Донна Клаудия рукой указала на комнату, где покоилась умершая. На ночном столике кто-то уже зажег свечку и положил в блюдце со святой водой небольшую веточку самшита. Ставни были закрыты. На низком стульчике, перебирая четки, бормотал молитву дон Умберто. Ромео с удивлением отметил, что вид у него, похоже, был и вправду опечаленный. Он приблизился к покойной. Она лежала, шея была обернута каким-то лоскутком, слегка отодвинув его, Тарчинини увидел страшные следы от веревки. Бедная Софья, значит, ревность все-таки довела ее до самоубийства... Он никогда бы не подумал, что у нее хватит мужества наложить на себя руки. Странно, как обманчиво порой бывает первое впечатление... Но почему она выбрала именно этот день? Надо полагать, связь мужа с Терезой уже давно не была для нее секретом, почему же она тогда вдруг ни с того ни с сего решила покончить с собой? Веронцу невольно вспомнилась ярость молодой женщины против мужа, язвительные реплики, обращенные к донне Клаудии, выпады против Терезы... Что-то это мало напоминало поведение человека, который решился расстаться с жизнью, чтобы освободить место другим... Место другим... А вдруг это обычное, страшное в своей банальности убийство, продиктованное страстью? В таком случае убийцей мог бы быть только Марчелло... Ромео не хотелось давать волю воображению, однако и полностью исключать этого тоже нельзя... Будь он у себя в Вероне, он очень многого ждал бы от результатов вскрытия... Не обращая внимания на Умберто Чиленто — о чьем присутствии, впрочем, он как-то совсем забыл — полицейский по своей излюбленной привычке наклонился к лицу покойной и пробормотал:
— Скажи, Софья... ты ушла из жизни по собственной золе или тебя все-таки убили? Если ты хочешь, чтобы мы узнали правду, тогда помоги нам... Вспомни, ведь вчера вечером у тебя не было никакого желания умереть, скорее уж отомстить... разве не так? Ты ведь хотела отомстить, правда?.. Тогда зачем же тебе понадобилось вешаться?.. Ну какая же это месть!.. Как-то даже глупо... Теперь они свободны... Разве ты этого хотела? Выходит, здесь что-то не так... В твоем несчастье тебе повезло только в одном: я оказался рядом с тобой... и я не оставлю их в покое, пока не выясню все до конца... Ты согласна, да?

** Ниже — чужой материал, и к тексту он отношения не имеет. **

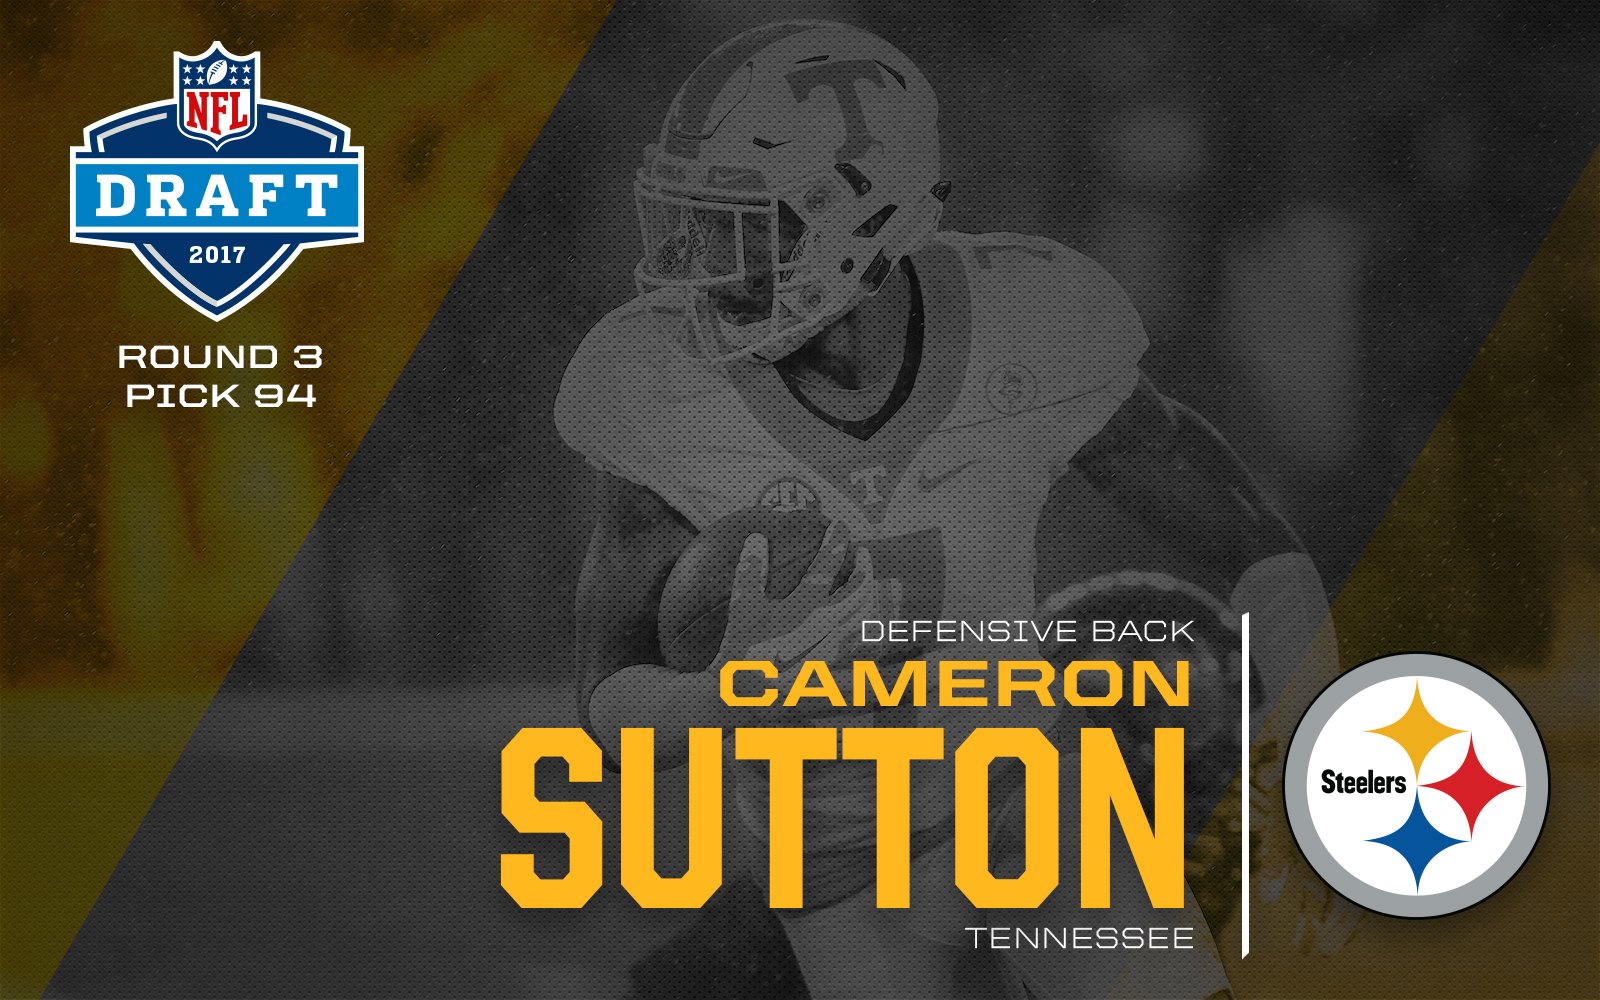 Steelers select Cam Sutton in 3rd Rd #94 overall in NFL Draft

Распрямляя спину, Ромео почувствовал на себе сверлящий взгляд дона Умберто и понял, что совершил еще одну непростительную ошибку. Остается надеяться, что старик не смог разобрать его слов! Он лихорадочно размышлял, что бы такое сказать, чтобы хоть как-то загладить промах.
— Не удивляйтесь... — обратился он к дону Умберто.— Это у нас, неаполитанцев, такой обычай, мы всегда говорим с усопшими... Нечто вроде последнего прощания.,. и еще чтобы они знали, что смерть ничего не изменила в наших отношениях... что для нас они по-прежнему живы... Вроде утешения...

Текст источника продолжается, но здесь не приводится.